▸ **Data below**
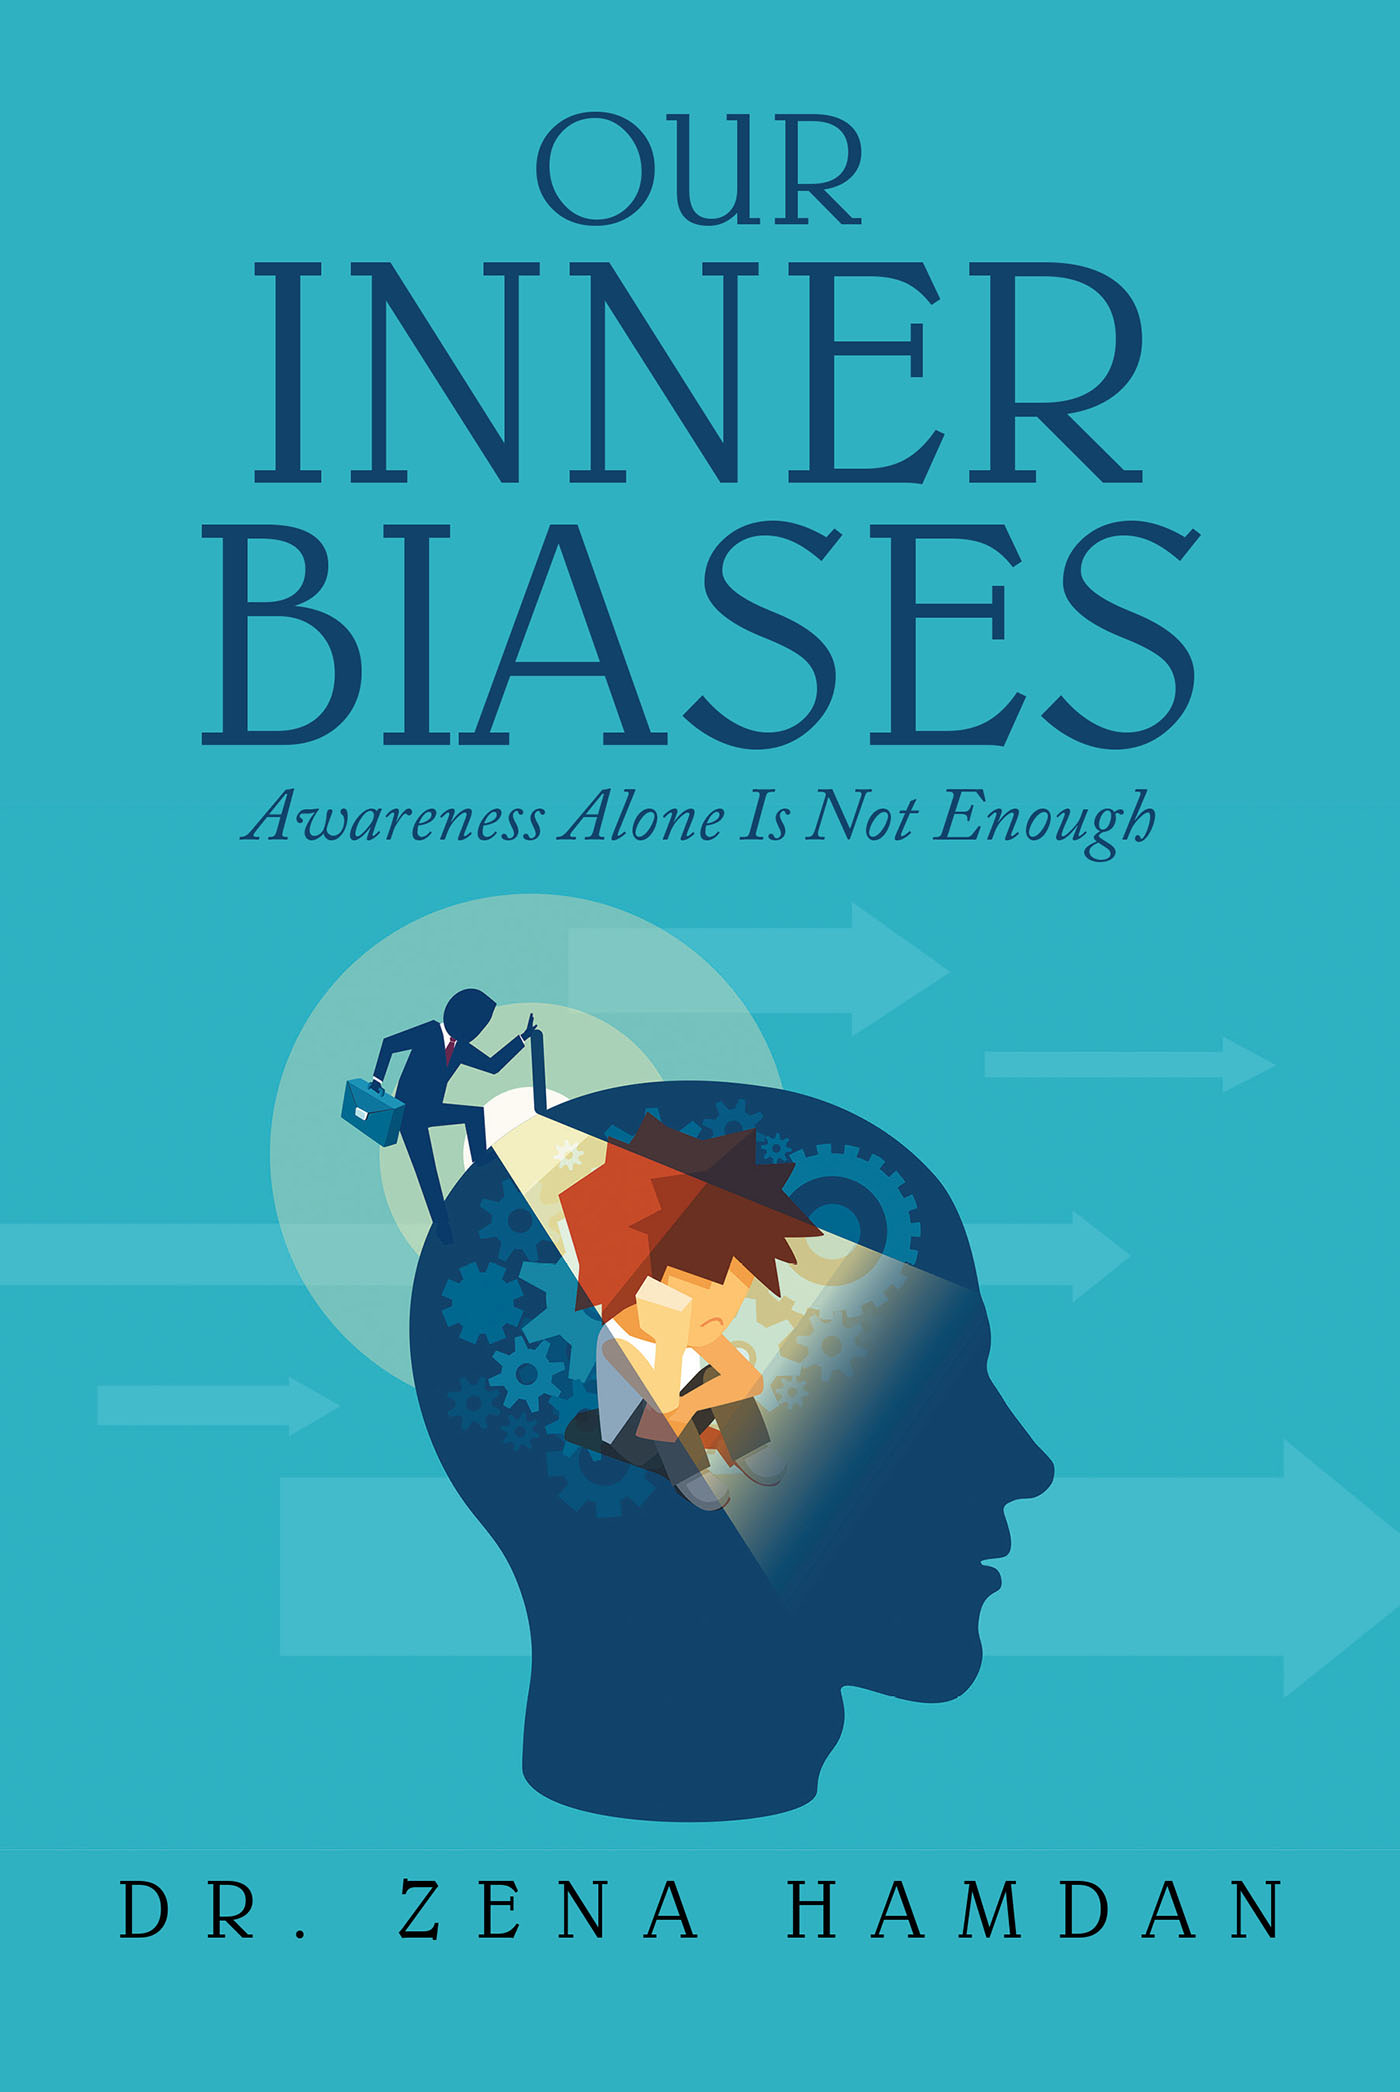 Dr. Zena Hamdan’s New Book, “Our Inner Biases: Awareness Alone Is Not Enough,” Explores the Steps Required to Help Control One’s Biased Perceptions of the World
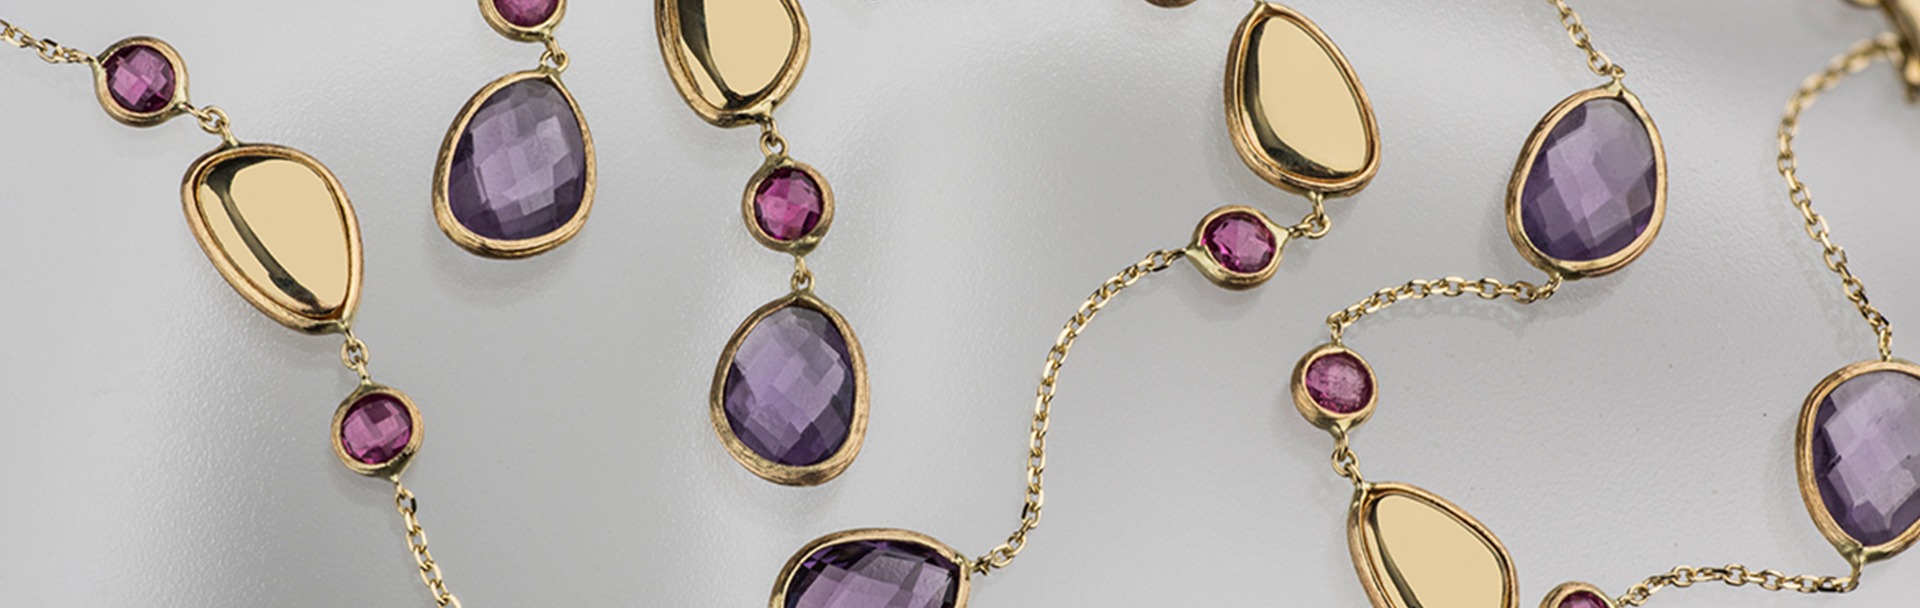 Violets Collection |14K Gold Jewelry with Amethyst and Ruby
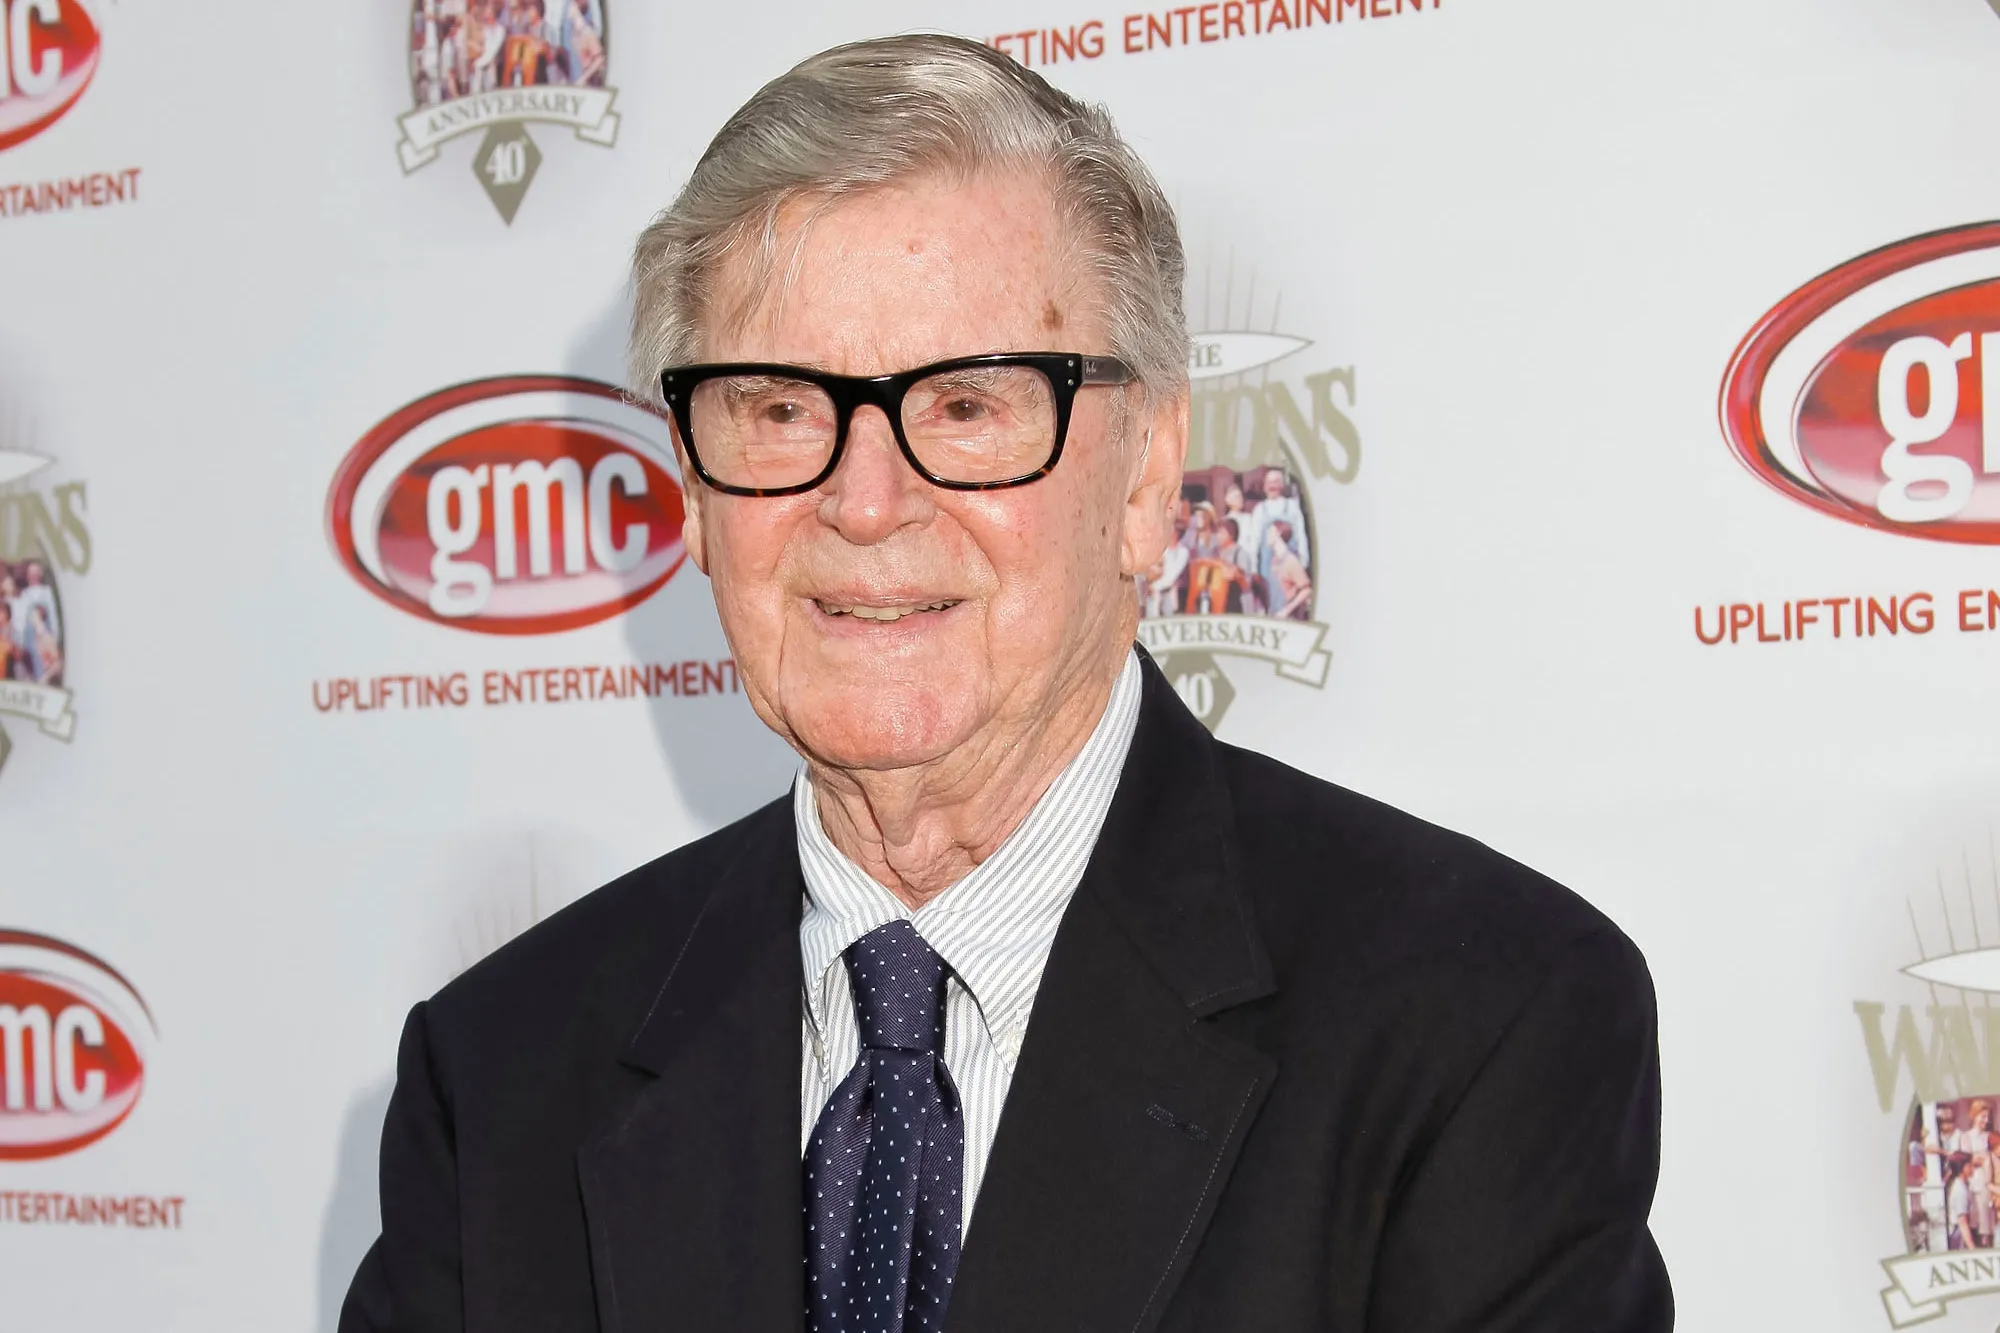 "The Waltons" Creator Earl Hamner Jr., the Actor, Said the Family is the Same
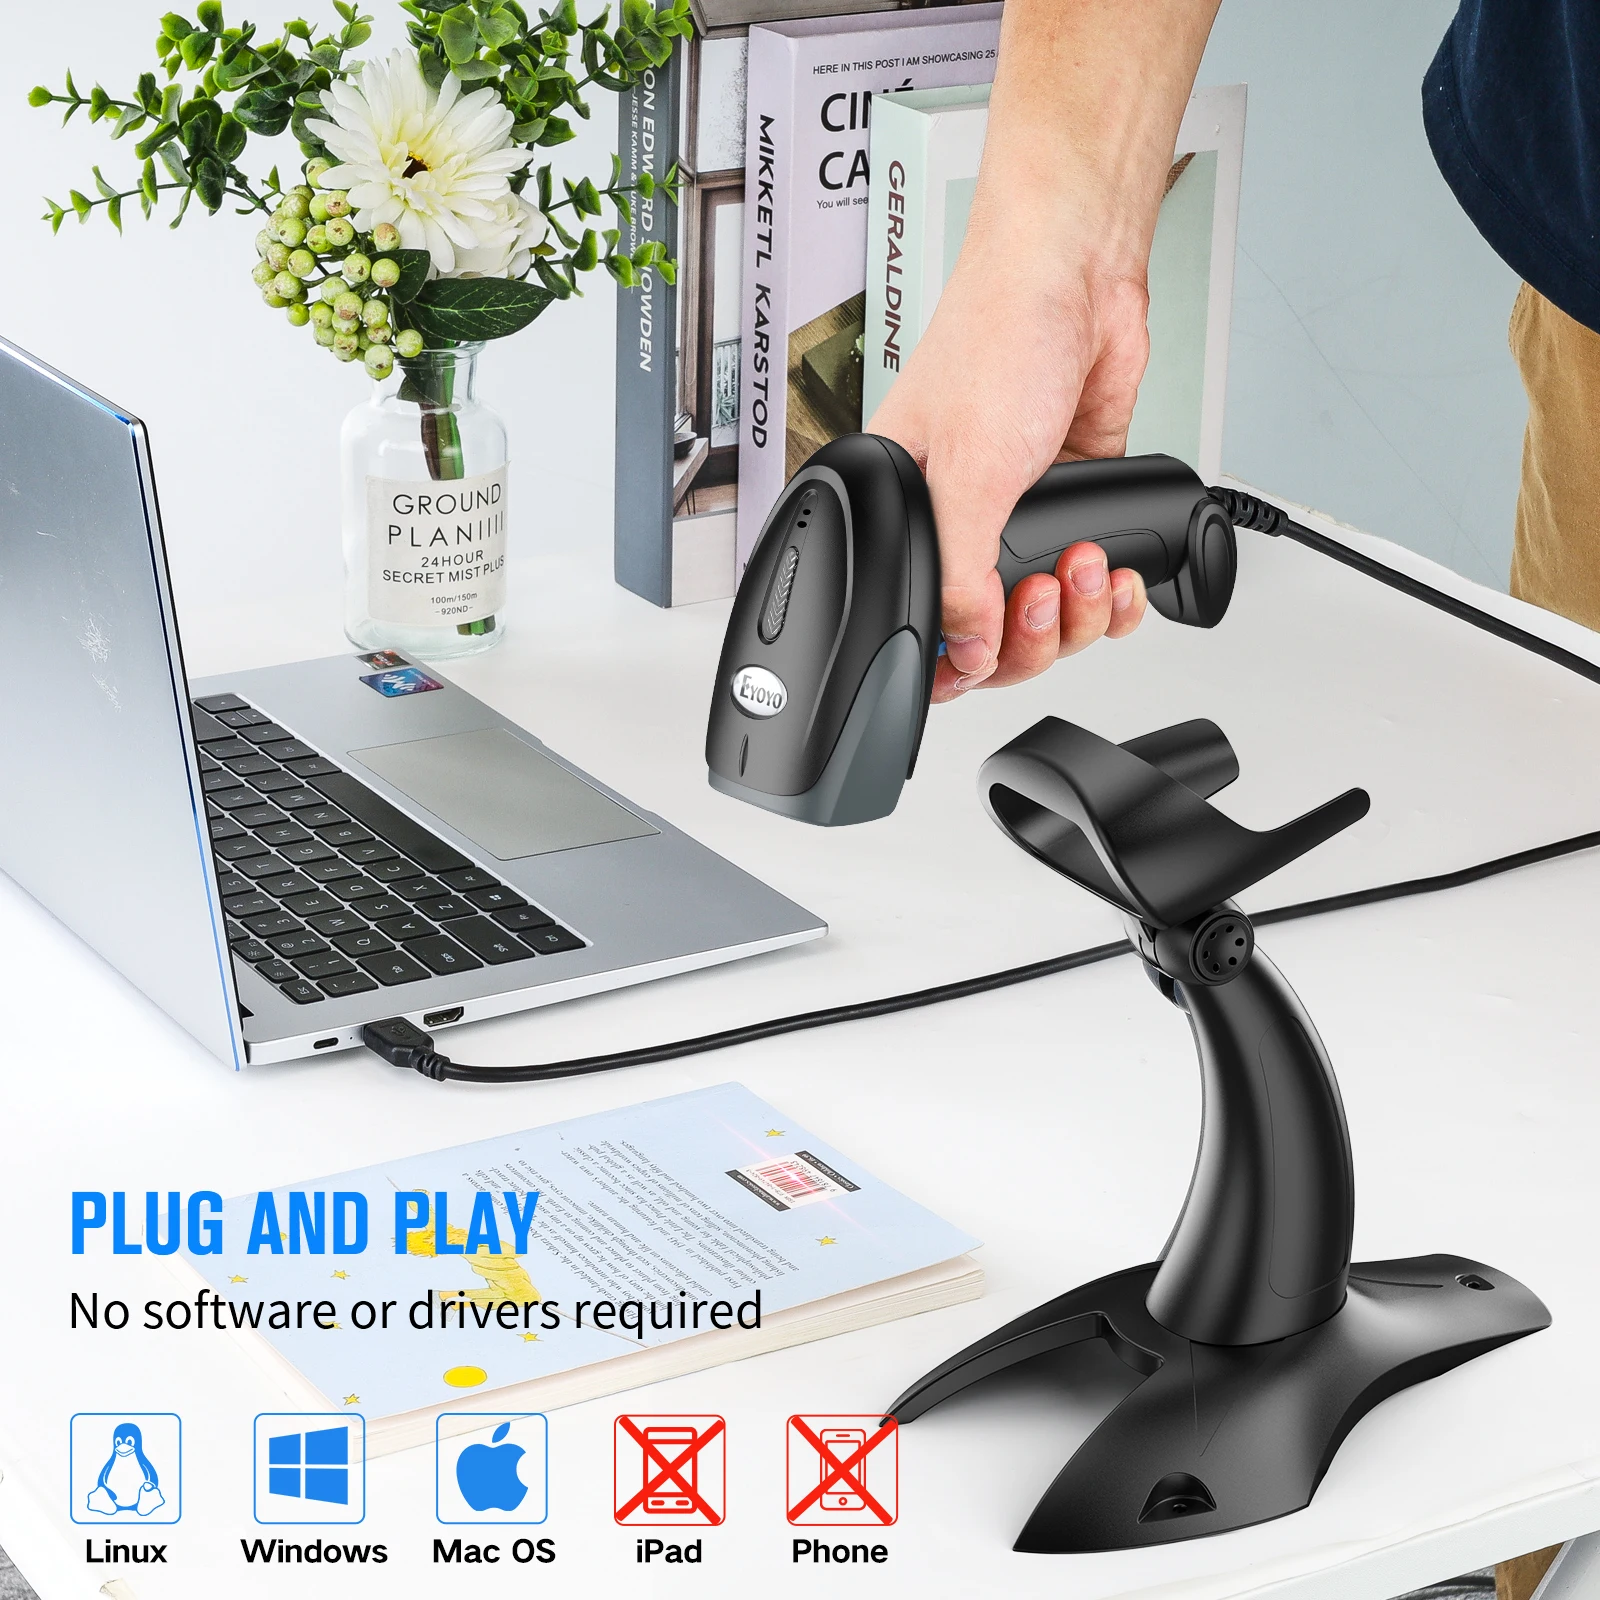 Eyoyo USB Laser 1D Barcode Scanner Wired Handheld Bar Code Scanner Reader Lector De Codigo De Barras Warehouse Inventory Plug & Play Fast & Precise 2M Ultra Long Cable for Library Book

▸ **Work instruction**
Restate word for word the lines from the one with "is the Same" to the end of the material, both included. Do not include the pictures.

▸ **Completed task**
 "The Waltons" Creator Earl Hamner Jr., the Actor, Said the Family is the Same
 Eyoyo USB Laser 1D Barcode Scanner Wired Handheld Bar Code Scanner Reader Lector De Codigo De Barras Warehouse Inventory Plug & Play Fast & Precise 2M Ultra Long Cable for Library Book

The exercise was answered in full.